Personally i've been diagnosed with narcolepsy, but it took 9-10 years of
problems and my life falling apart before any doctor caught it (finally having
insurance thanks to the ACA). Modafinil helps me to be a little more
functional during the day, and i'm really grateful for that.

Frequent dozing, microsleeps, like you're experiencing, even after a full
nights sleep, are indicative that there is an issue here worth investigating.

------
tokenadult
From the article, "'The problem with these studies is that they give you good
information about association but not causation,' said Timothy Morgenthaler,
president of the American Academy of Sleep Medicine, which represents sleep
doctors and researchers, and a professor of medicine at the Mayo Clinic Center
for Sleep Medicine." Yep. It's painfully difficult and expensive to conduct a
good randomized treatment-control study of sleep duration with an adequate
sample size for figuring out what is optimal as a population central tendency.
I think the observation that many people put in a quiet, dark room in daylight
hours will fall asleep is one hint that more Americans get too little sleep
than too much sleep at night, but there is still more research needed.

When I used to live in the subtropical zone of Taiwan (the latitude of Taipei
is about like the latitude of Miami, and the climate is not greatly
different), there was still a fairly strongly established cultural custom of
taking a nap, a siesta, after lunch. It look me a long time to get used to
doing that, but it seemed to make sense, especially in the summer. Sleep
patterns vary somewhat by culture and by climate, but the big influence on
sleep patterns in the twenty-first century appears to be artificial indoor
light, which is much brighter and much less expensive compared to average
wages all over the world than it used to be. I always encourage people with
sleep problems to get outdoors IN THE MORNING DAYLIGHT for moderate exercise
to entrain their bodies' biological clocks. Behavior genetic research shows
that the biological clock genes are deeply conserved in most animals, so that
basically the same set of genes controls the biological clocks of both fruit
flies and human beings. Some flies (and some humans) have gene variants that
bring about problems like delayed-sleep-cycle sydrome, but essentially
everyone can entrain their biological clock by controlling light exposure.

------
snowwrestler
This study relies on finding associations in a large data set, which is not
really a complete scientific study. It's at best a hint about where scientists
should conduct future research.

If you're just looking at correlations, it can be easy to miss hidden
variables, even when attempting to control for them with statistical methods.
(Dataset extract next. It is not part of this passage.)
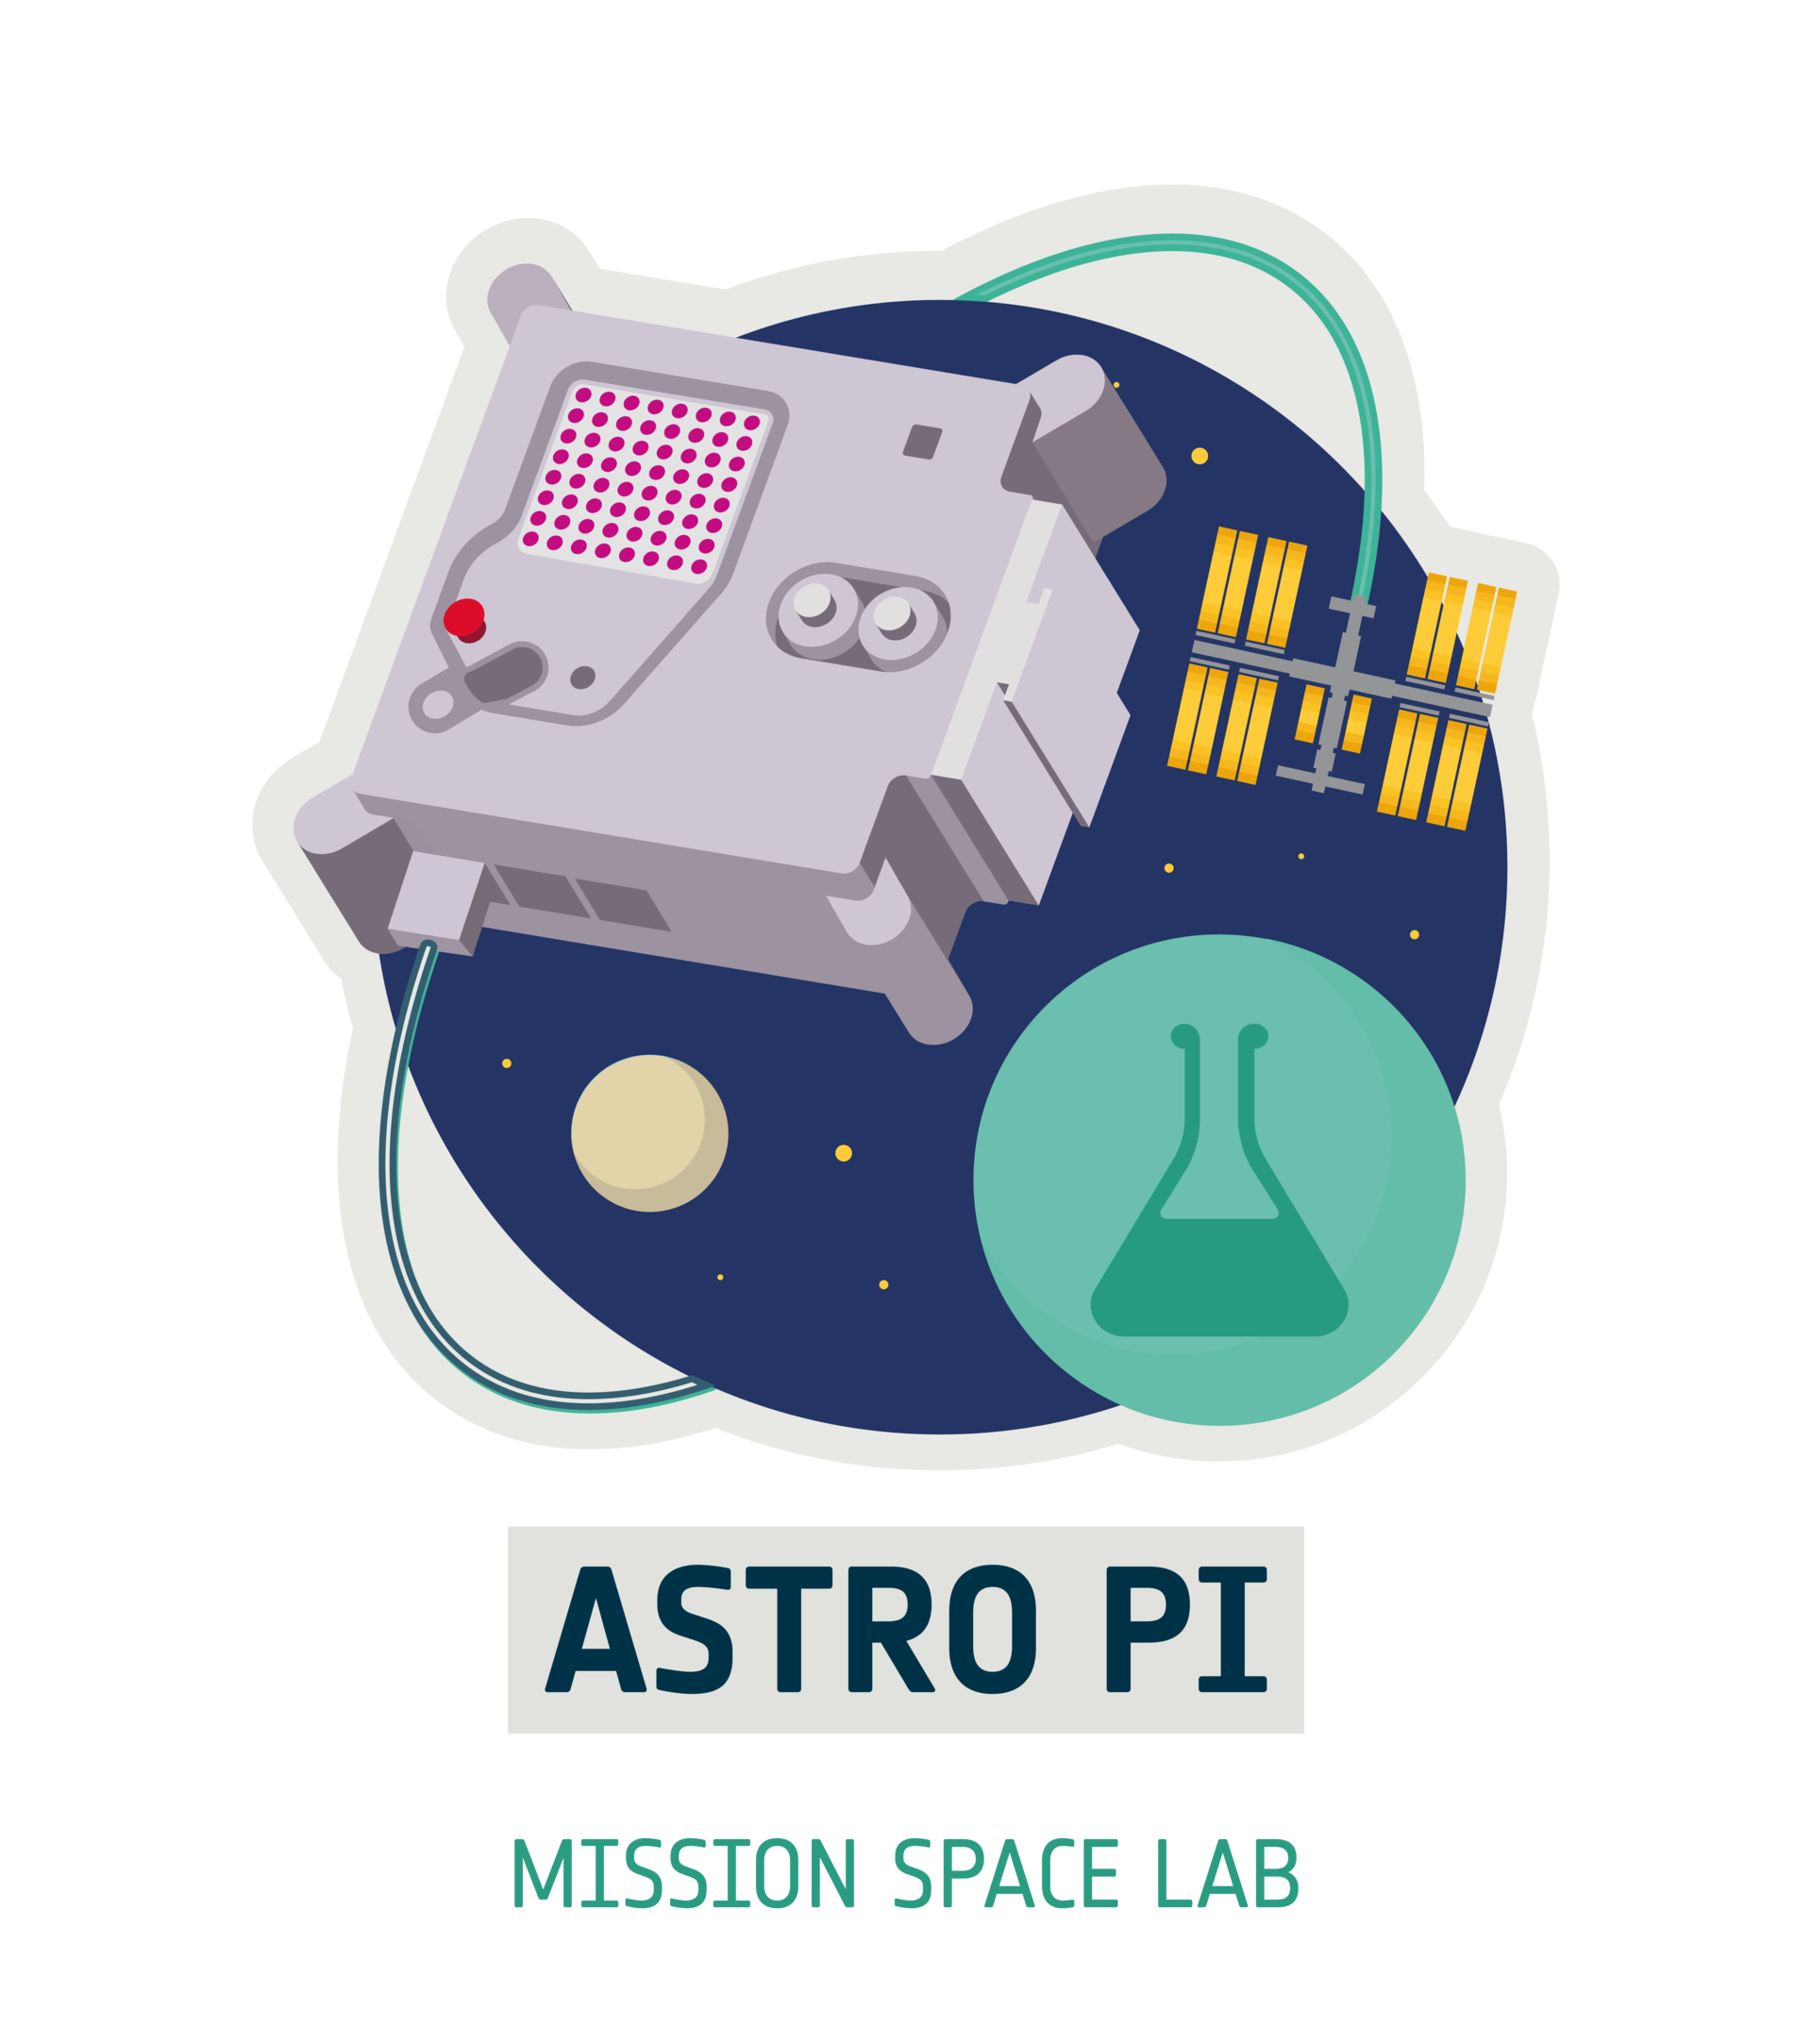 Astro Pi Mission Space Lab key visual

Compare with a well-known Standord study where athletes were asked to maximize
their sleep, and then their results compared to when they got the "normal"
amount of sleep. They showed a notable improvement while maximizing sleep.

------
hadoukenio
Ctrl-F sleep debt. Zero results found.

If you're reading an article on sleep studies and it doesn't mention sleep
debt, it's not giving the whole picture. Look up William Dement for more info.

Now just for a bit of info so it may help others... for years I had the
problem of going to bed around 10pm and then lying there awake for hours.
Sometimes almost to 1am. Classic insomnia, until I read a book on sleep by
William Dement, it all started to make a bit more sense - I was going to bed
too early for my body and not accumulating enough sleep debt...

So the solution was easy! Stay up later. Instead, I started going to bed at
around 11pm. I started falling asleep easier (within the recommend 20 minutes)
and didn't have the issue of insomnia any longer. However this _did_ lead onto
another issue - headaches. After years of suffering from insomnia I had found
the solution but then it lead to headaches. I chose headaches. But then I A/B
tested some more. I now go to sleep between 12am and 12:30am. Headaches gone.
Counter-intuitive, I completely agree. But headaches begone!

So IANAD (I am not a doctor), but if you're suffering from insomnia, try
staying up an hour later each night to accumulate a bit of sleep debt. And if
it's working but you're then getting headaches, try staying up another hour.
If you do experiment with this, shoot me an email (see my profile). I would be
interested to see if it works for more people or completely backfires.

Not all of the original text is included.